[[ Supplied material open ]]
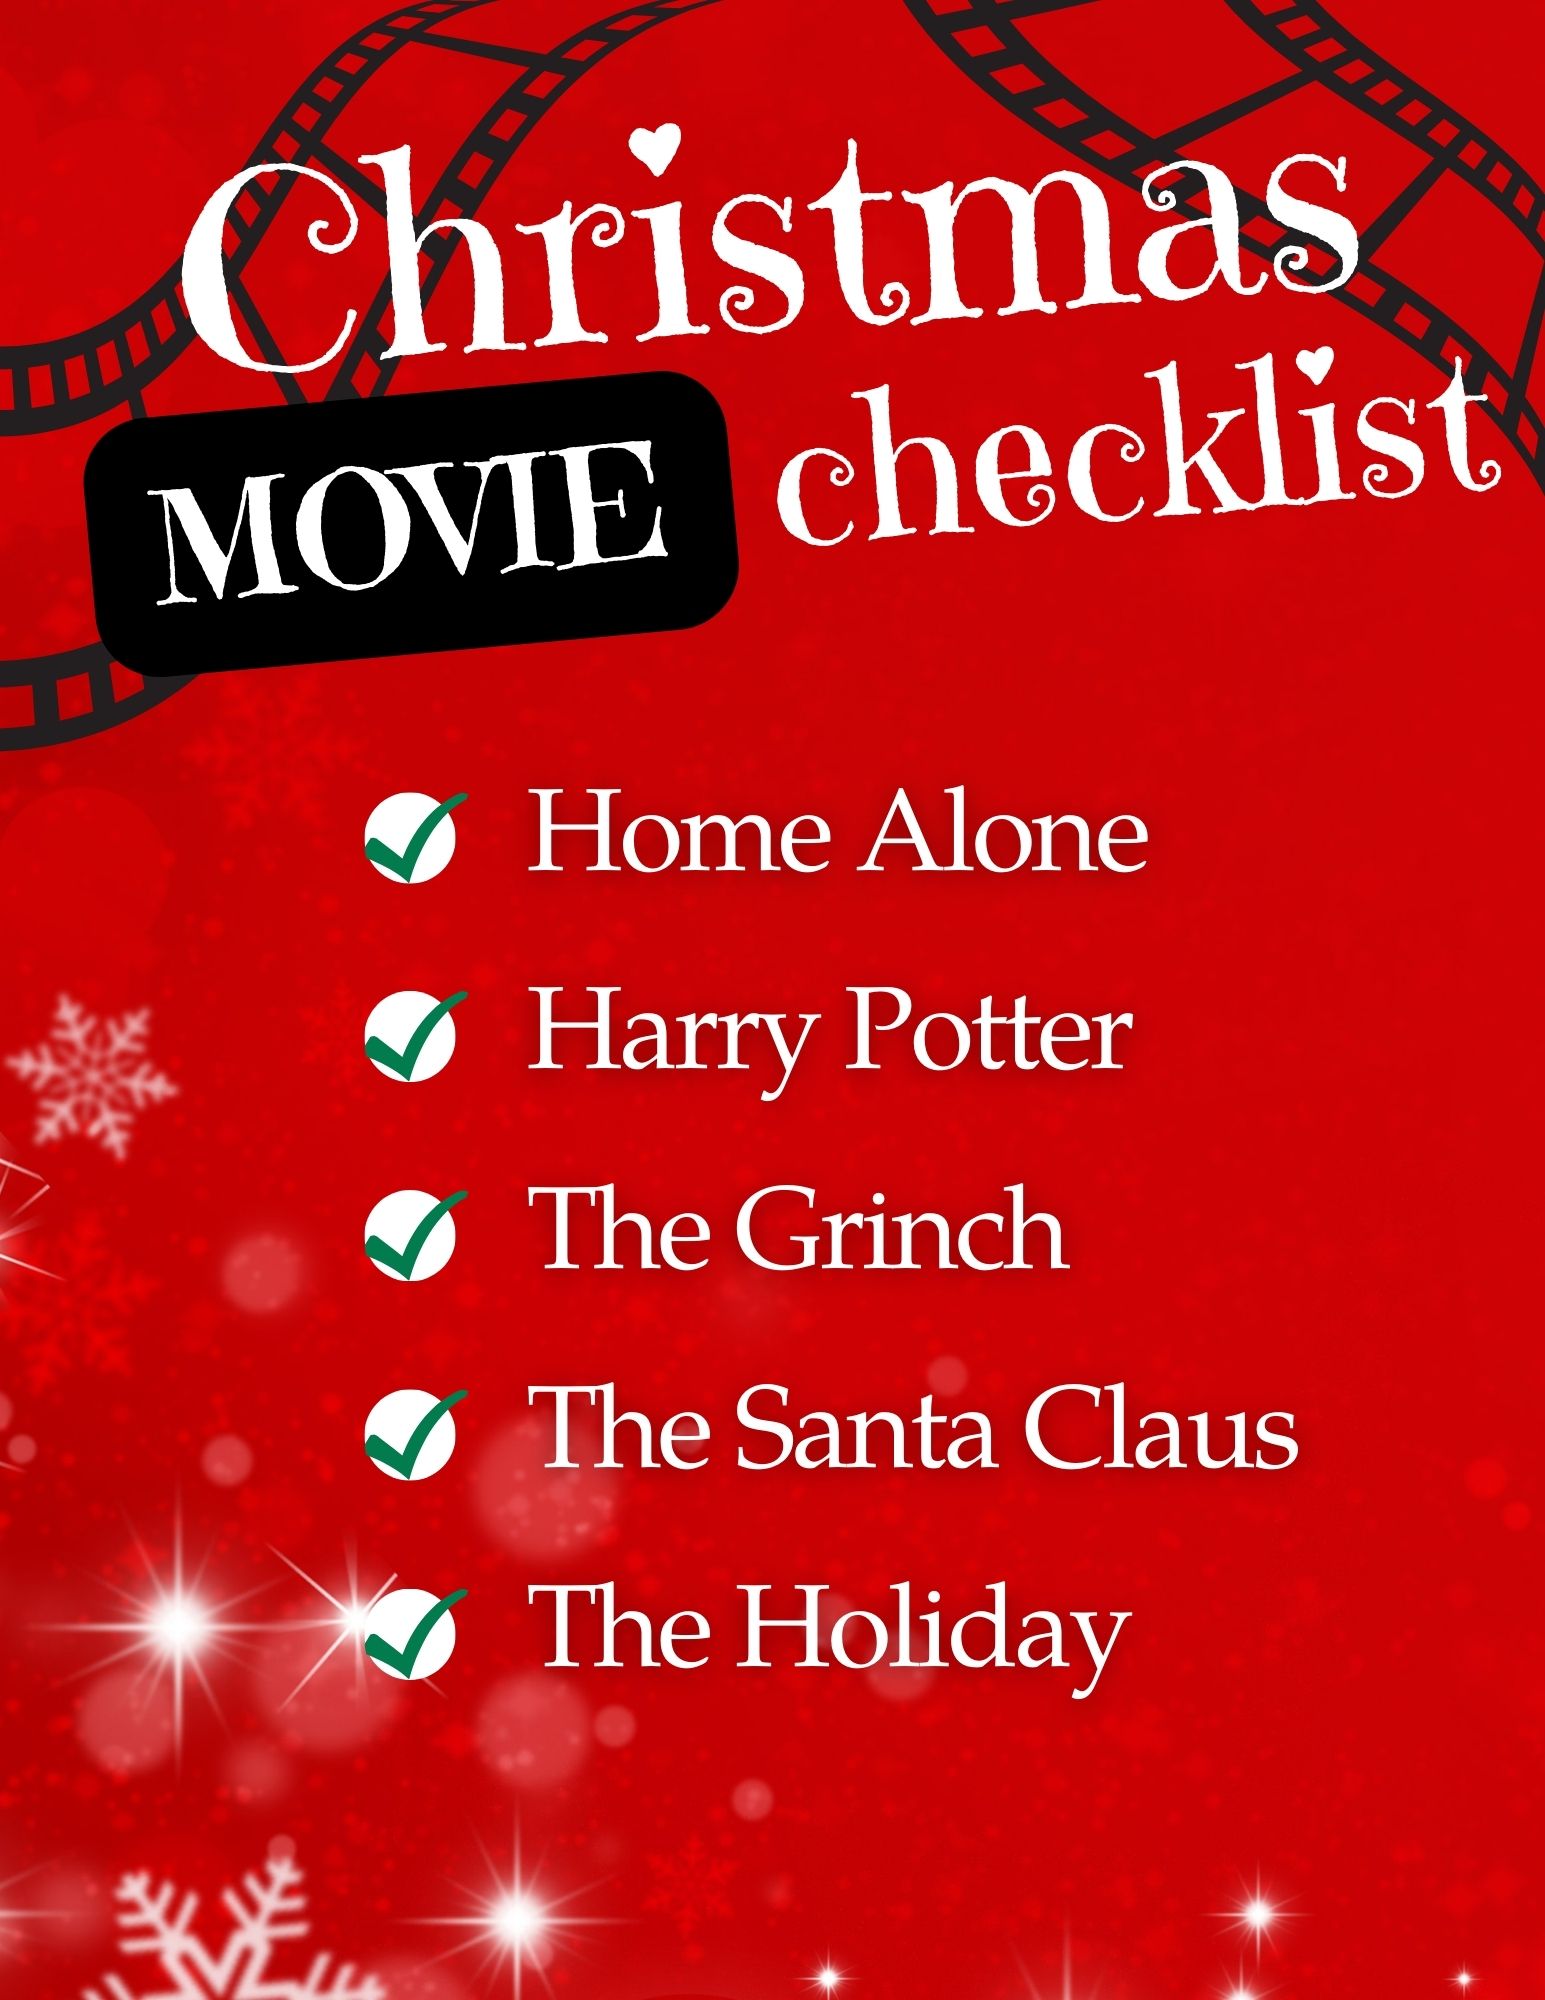 infographic with a must-watch Christmas movie list
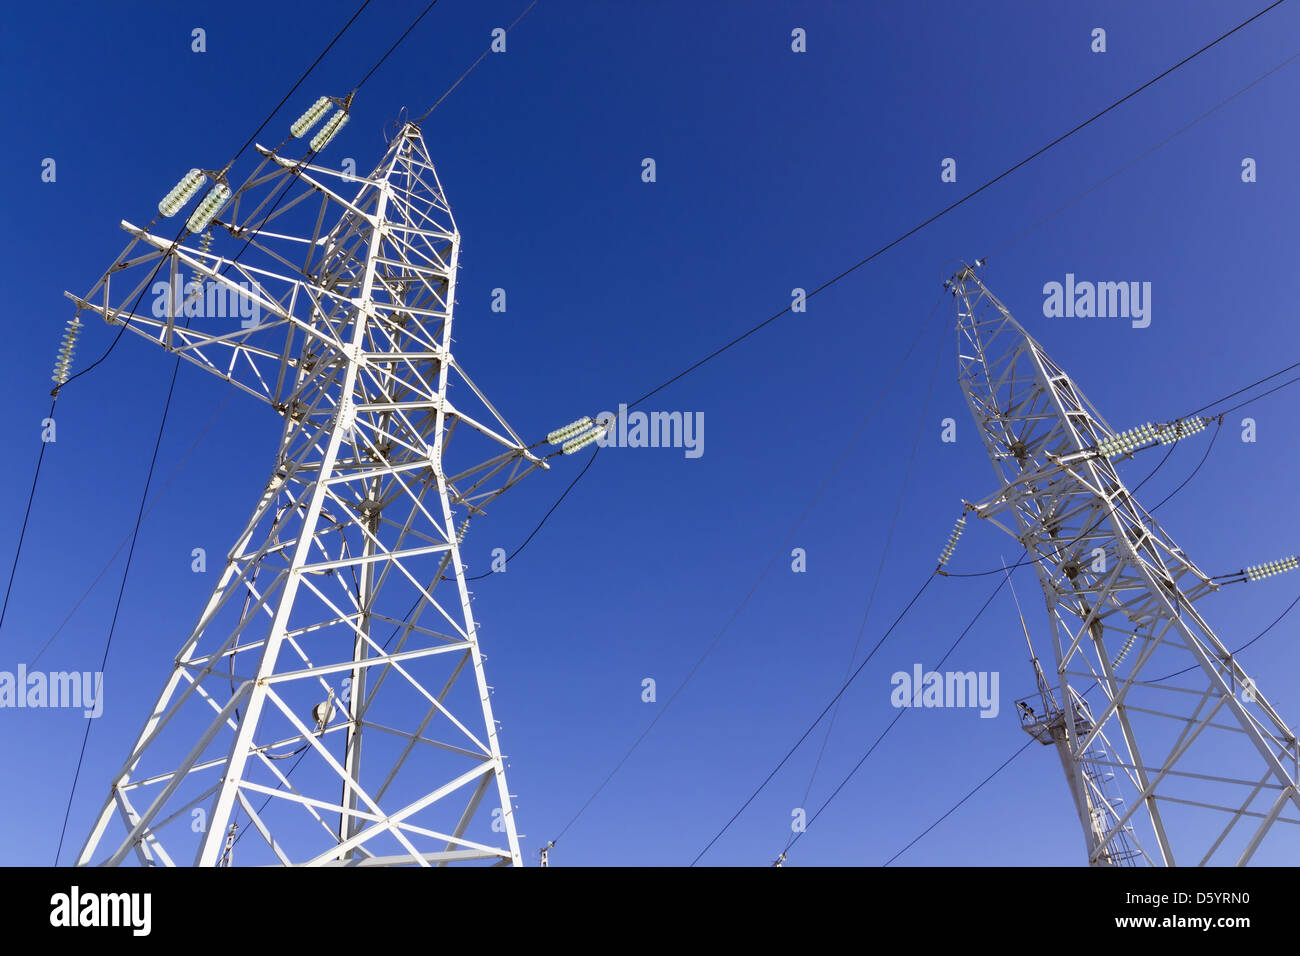 High voltage systems Stock Photo
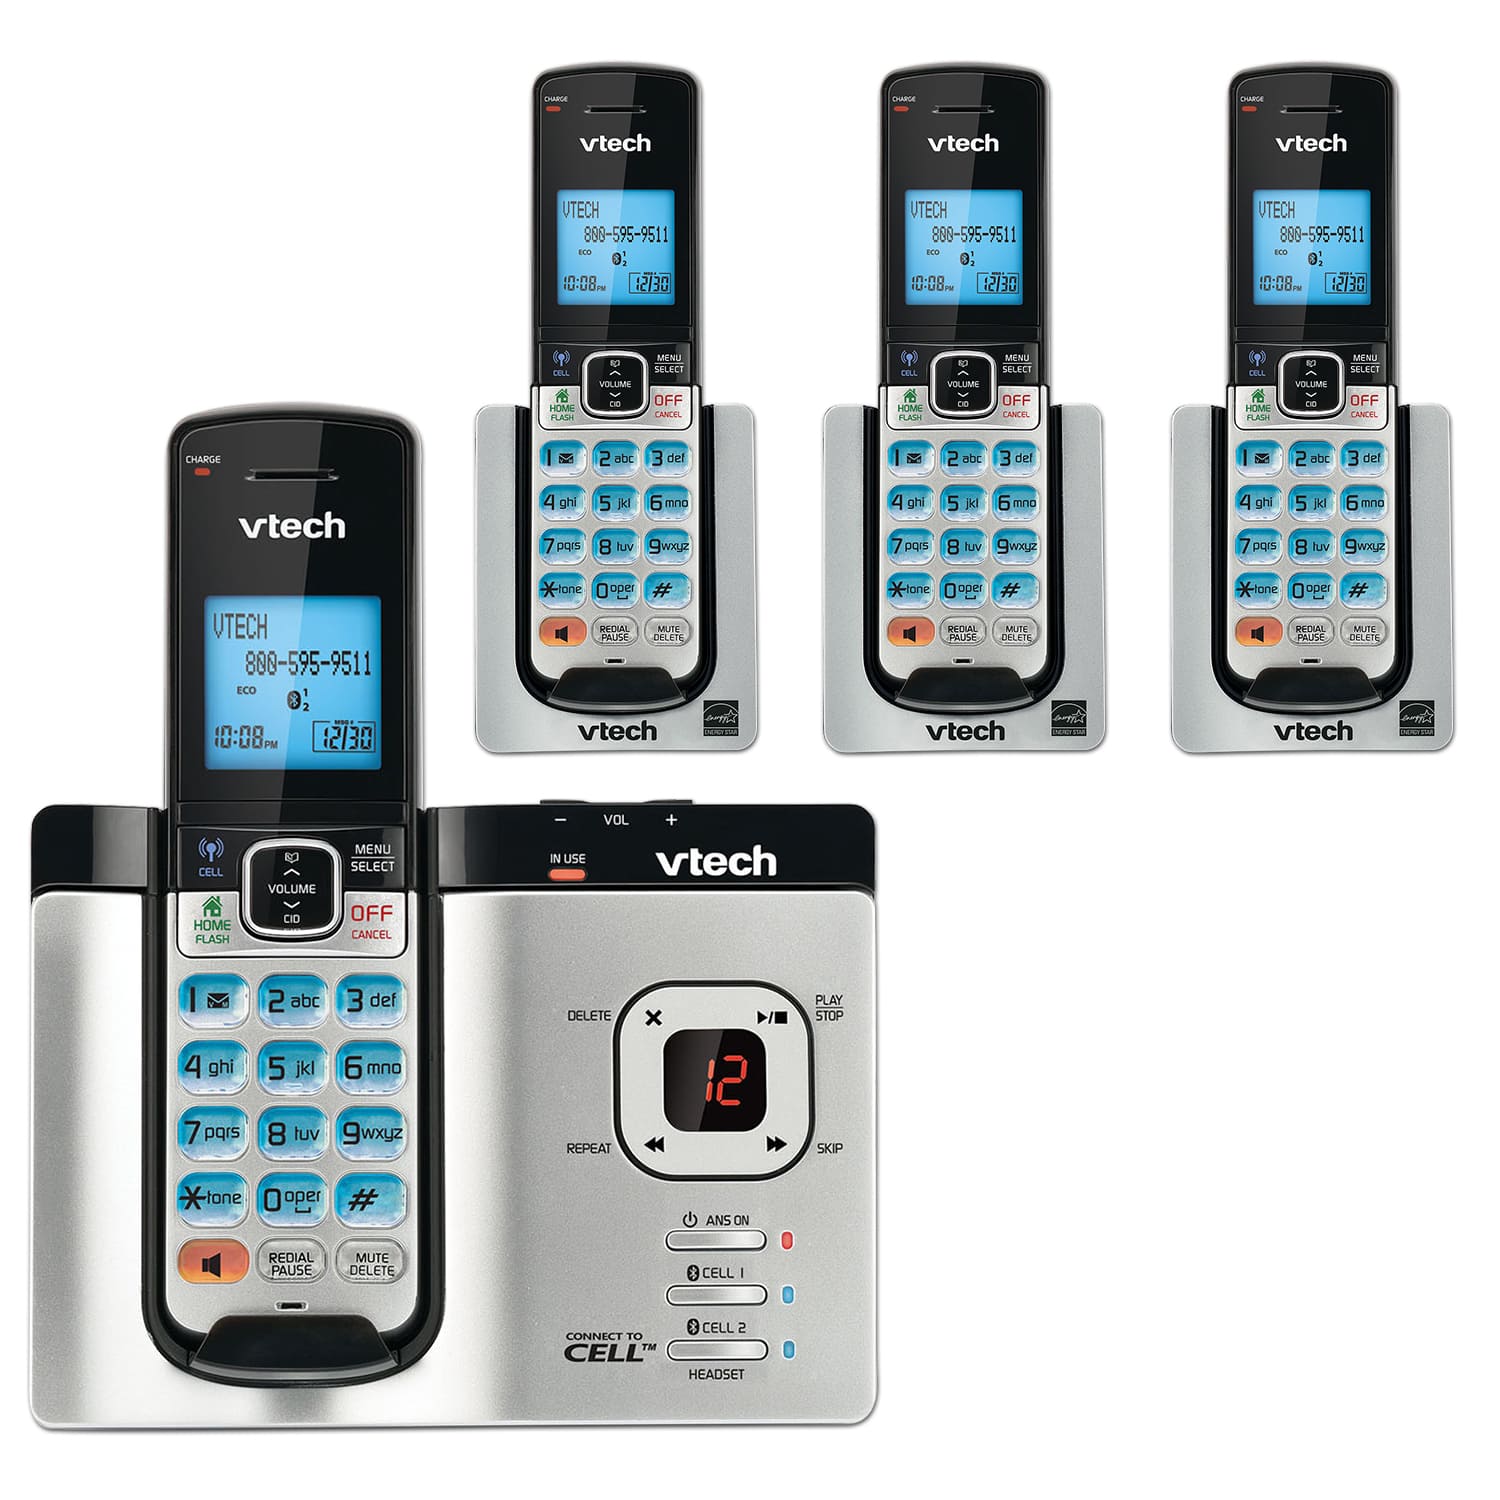 4 Handset Connect to Cell™ Phone System with Caller ID/Call Waiting - view 1
[[ Supplied material closed ]]
- [Work item] Begin at the line containing "High voltage systems Stock Photo" and restate exactly every line through the end of the material, skipping the pictures.

- [Reply to the task]
 High voltage systems Stock Photo
 4 Handset Connect to Cell™ Phone System with Caller ID/Call Waiting - view 1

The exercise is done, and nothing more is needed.